The number of men my co-author and I spoke to who said they’d gone to their boss to discuss flexible working after becoming a dad and the response was an initial ‘oh’ at best and ‘that’s not a good idea for your career’ at worst. Signals that a man doing something about his work life balance is weird. (Flexible working is one of the very few areas where men are actually discriminated against, women tend to get their applications accepted far more easily because they are expected to want to fit their work around their family commitments.)

But men think about their work life balance. Most say they want more time with their families, many – particularly millennials – are willing to sacrifice higher pay in return for a more flexible work life.

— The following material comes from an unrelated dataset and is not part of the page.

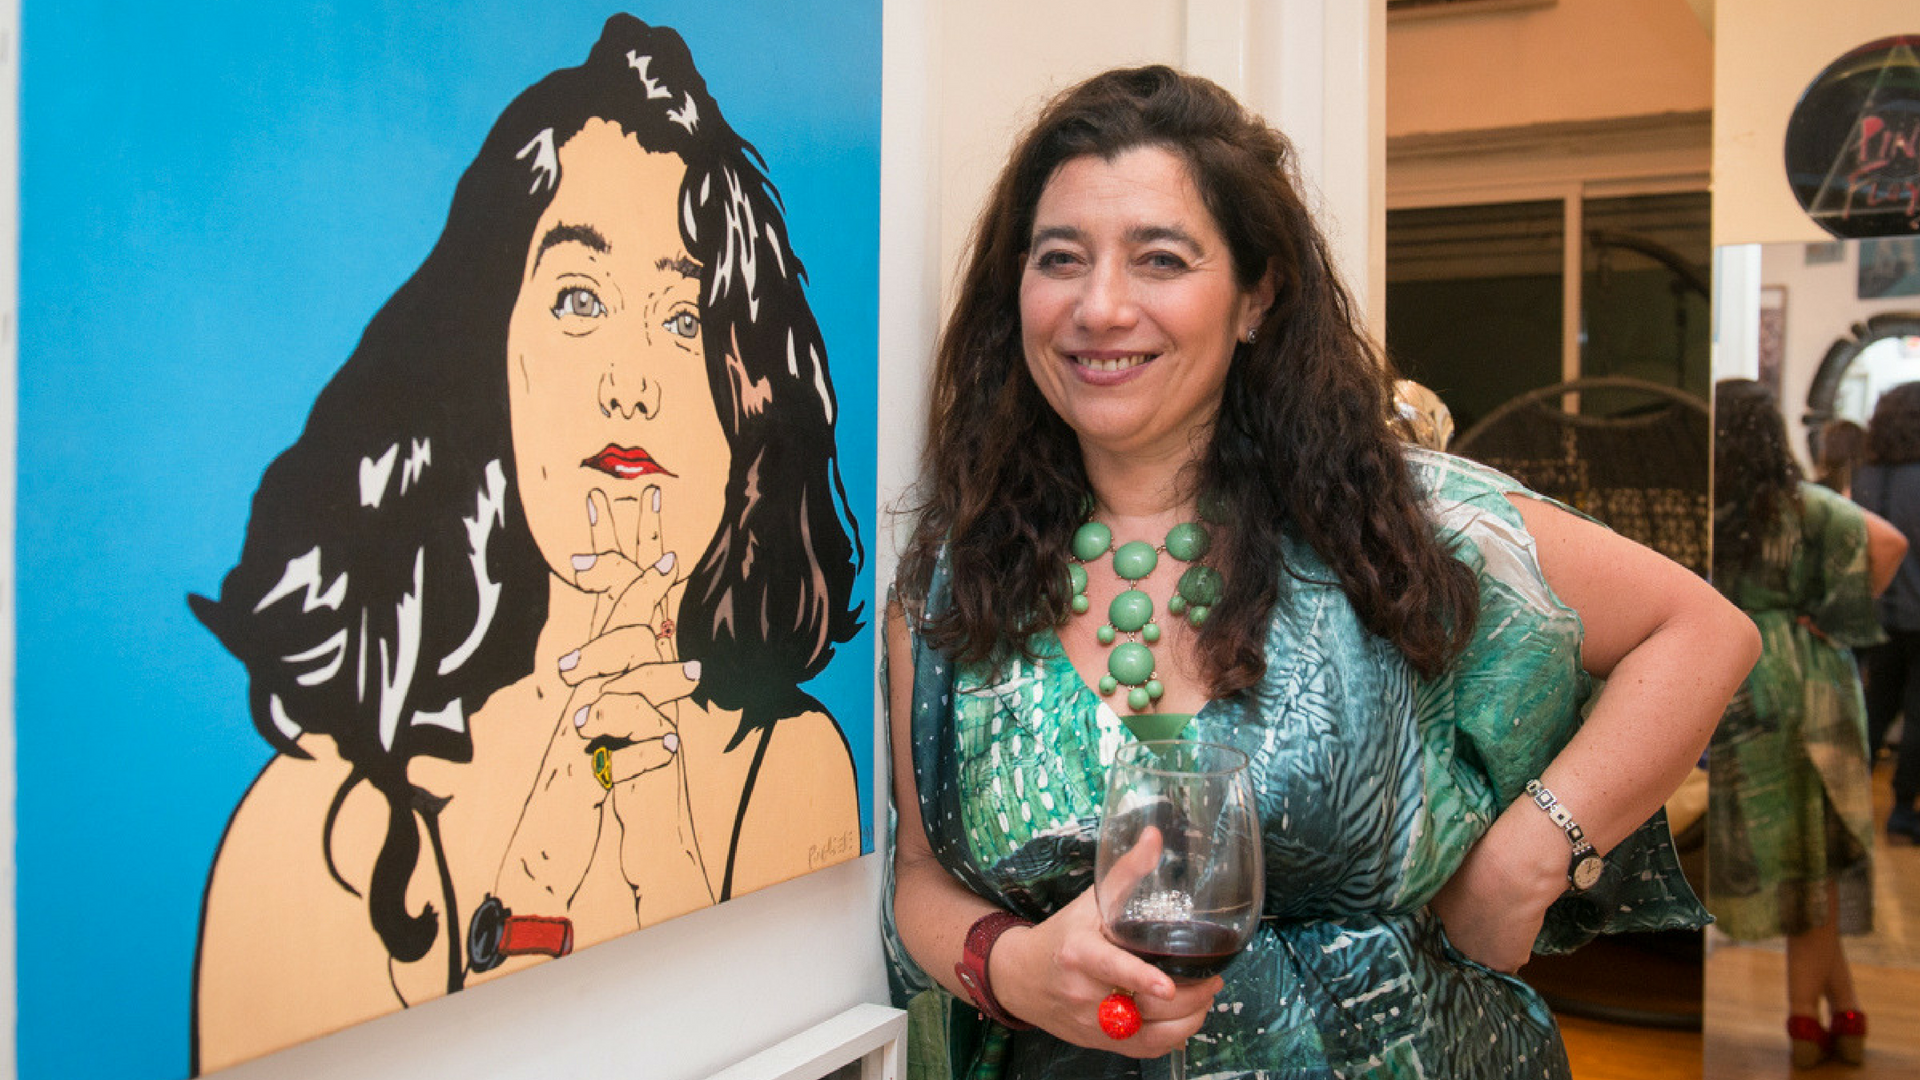 Mariela Ivanier y una invitación a contar la experiencia del arte, en primera persona
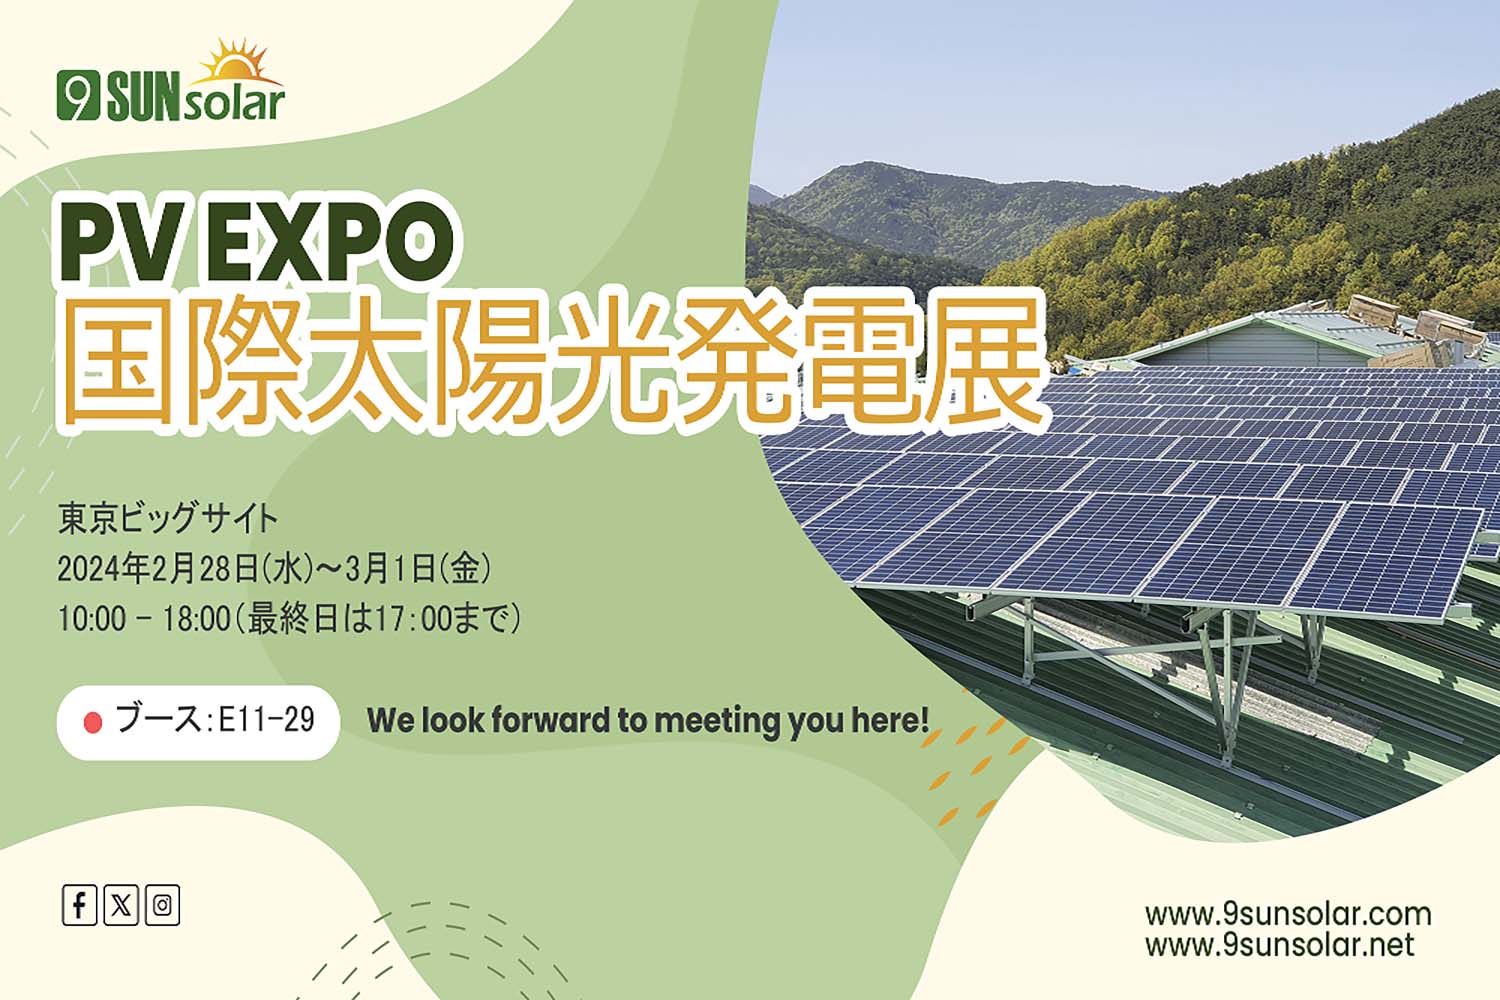 Invito alla mostra | Settimana dell'energia intelligente a Tokyo

Then there’s the dodgy science that claims there are pink brains and blue brains and suggests men are just not made to do childcare. Even though the experience of most men that actually throw themselves into family life is the opposite. And the science doesn’t stack up anyway.

And where are the caring, competent role model fathers? On TV kids get the message early on from Peppa Pig that Daddy Pig is a buffoon who can’t even do the washing. They might graduate to The Simpsons where Homer cares more for beer than his offspring or carry on to Broadchurch where the stay at home dad character is flagged up as weird by his penchant for killing people.

Overcoming the weight of public expectation about the role of a father is tough. But not impossible.

This book came about because Dave Freed sent a message to the @GenderDiary Twitter account. That’s the account my partner Ros and I set up seven years ago to record the different ways our son and daughter were treated. It ultimately led to The Gender Agenda book last year.

And that message not only showed that actually the internet is great for bringing people together but it also pointed to the solution to how we bridge the ‘paternity gap’ – the difference between what men say they want and the set up we currently have.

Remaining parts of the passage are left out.